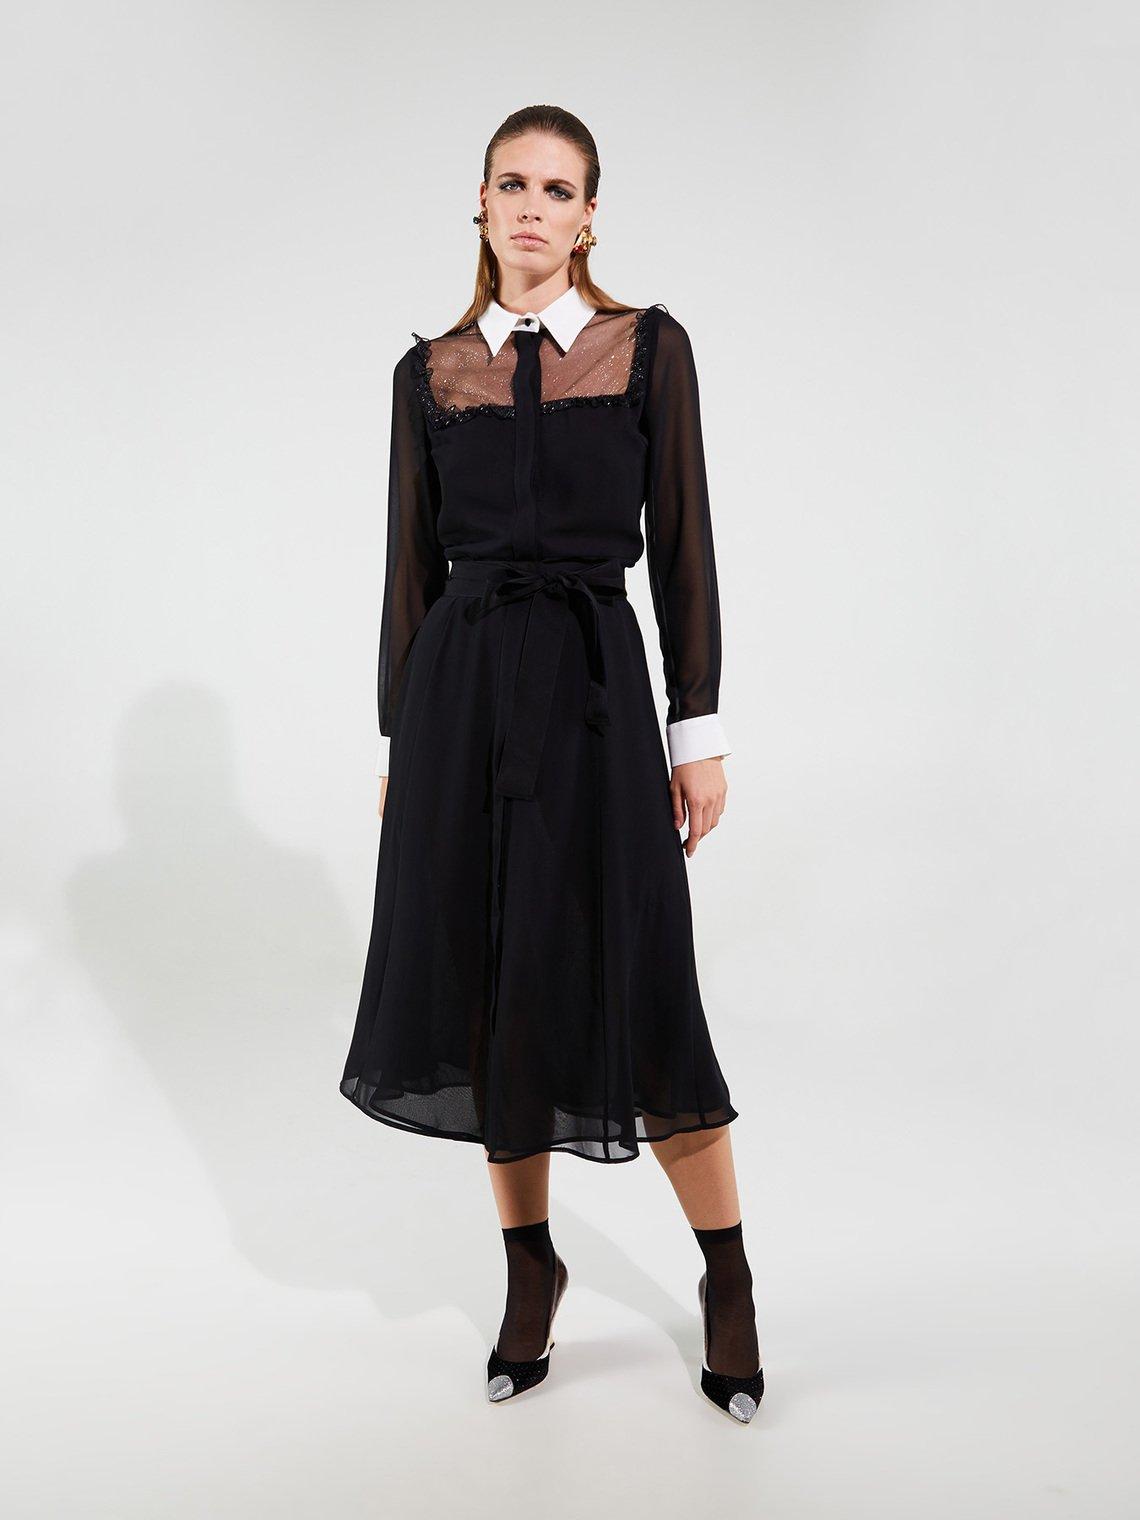 Vestito linea Smart Couture Motivi prezzo 249 euro inverno 2019 2020
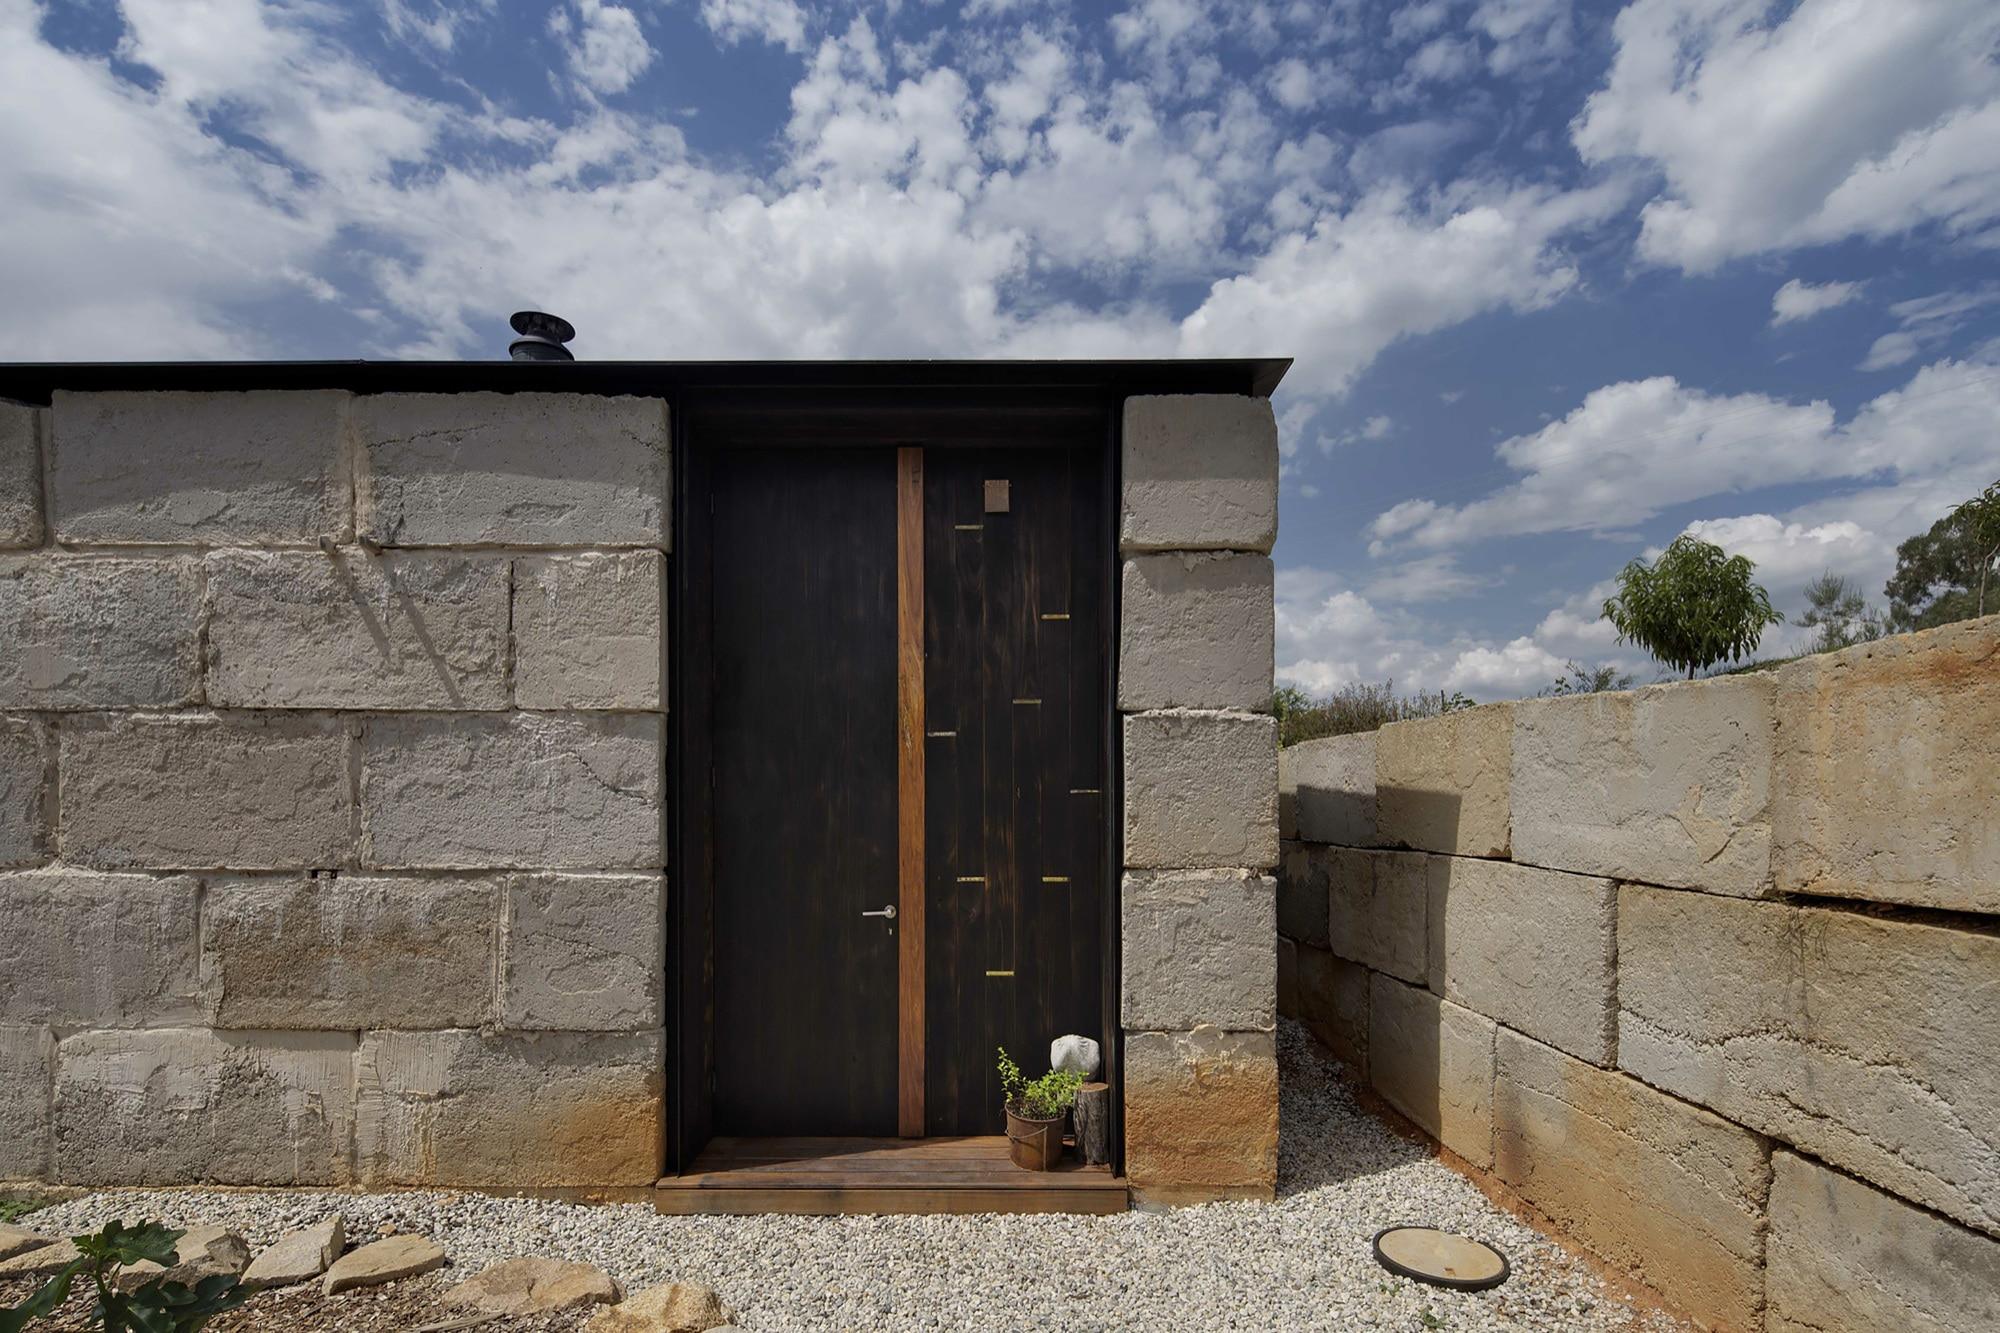 Construcci n con bloques de hormig n construye hogar - Bloques de hormigon decorativos ...
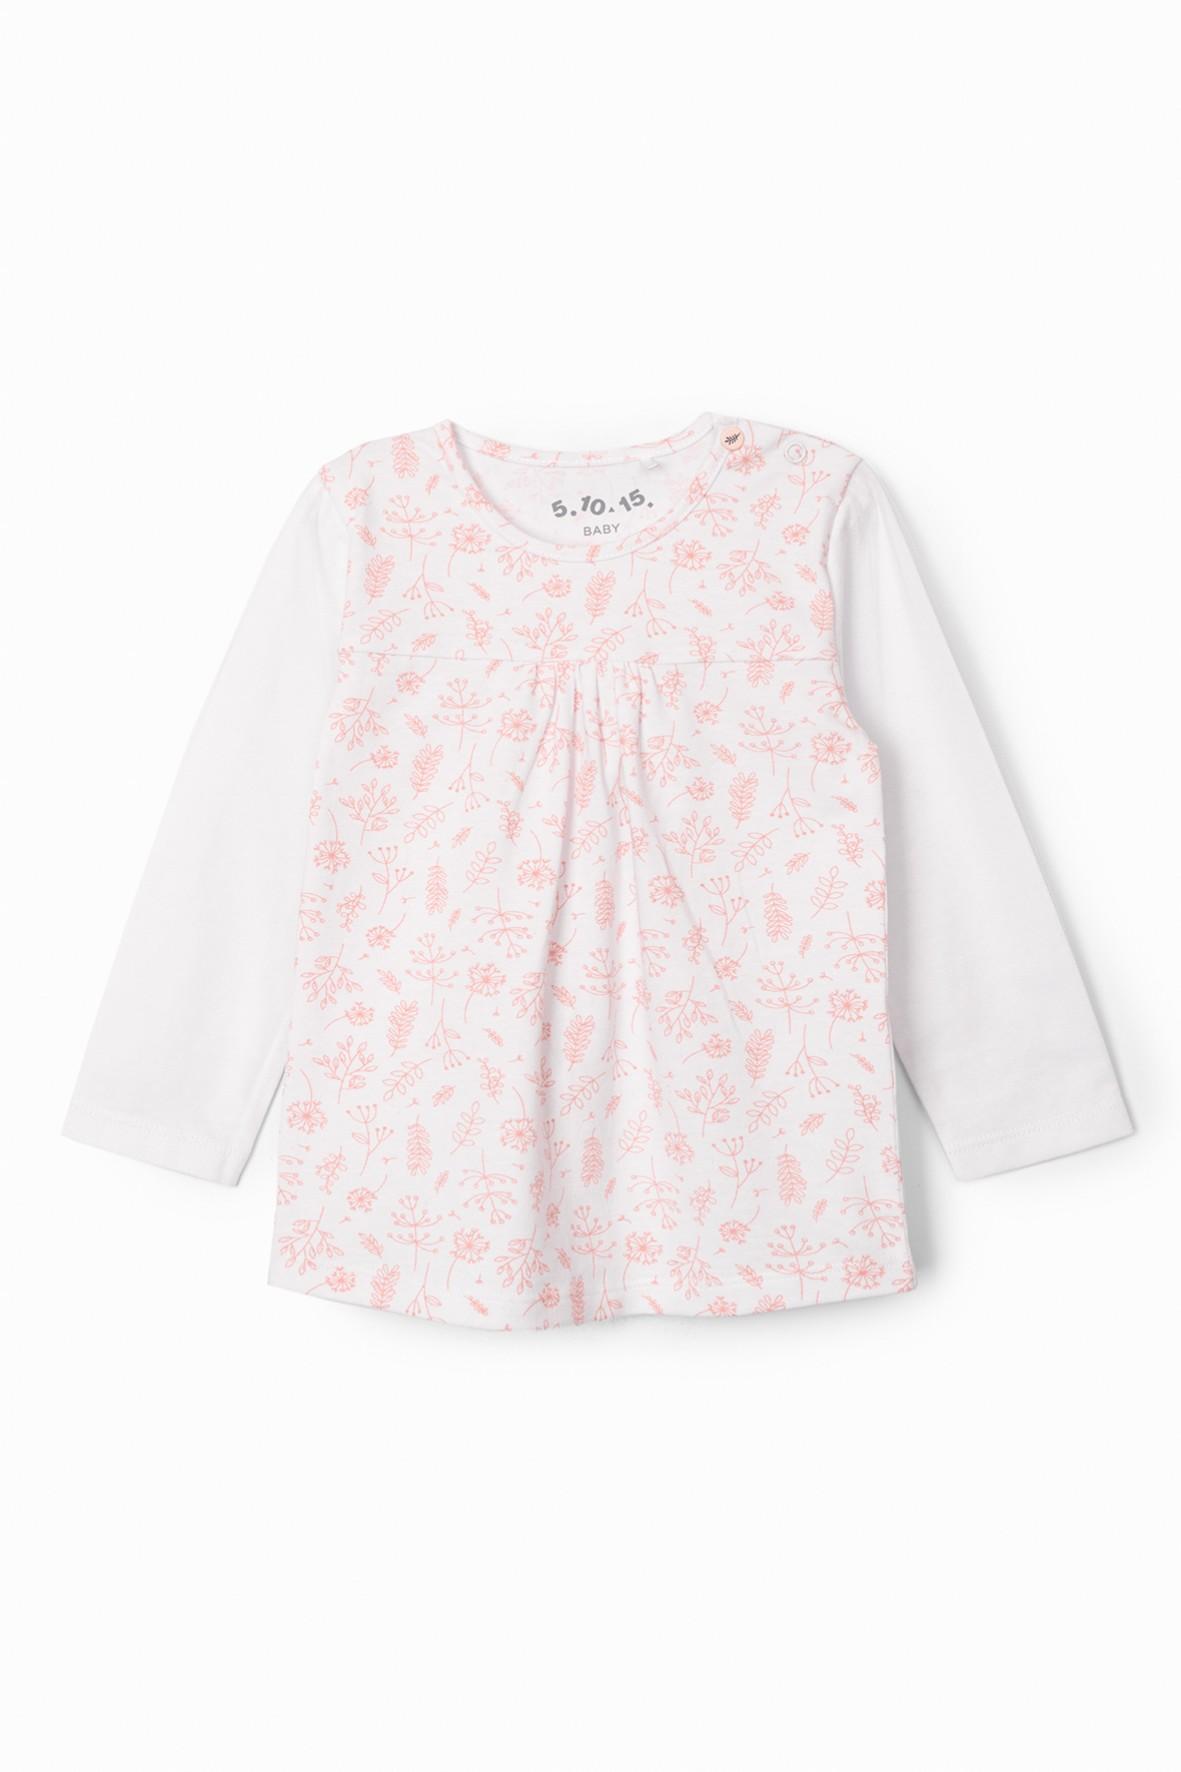 Bluzka dziewczęca w kwiatki - biała z tiulowym przodem

▬▬▬▬▬▬

**What the task requires**: All of the listing above must be output exactly, except for its pictures.

**Solution for this problem**:
 Vestito linea Smart Couture Motivi prezzo 249 euro inverno 2019 2020
 Construcci n con bloques de hormig n construye hogar - Bloques de hormigon decorativos ...
 Bluzka dziewczęca w kwiatki - biała z tiulowym przodem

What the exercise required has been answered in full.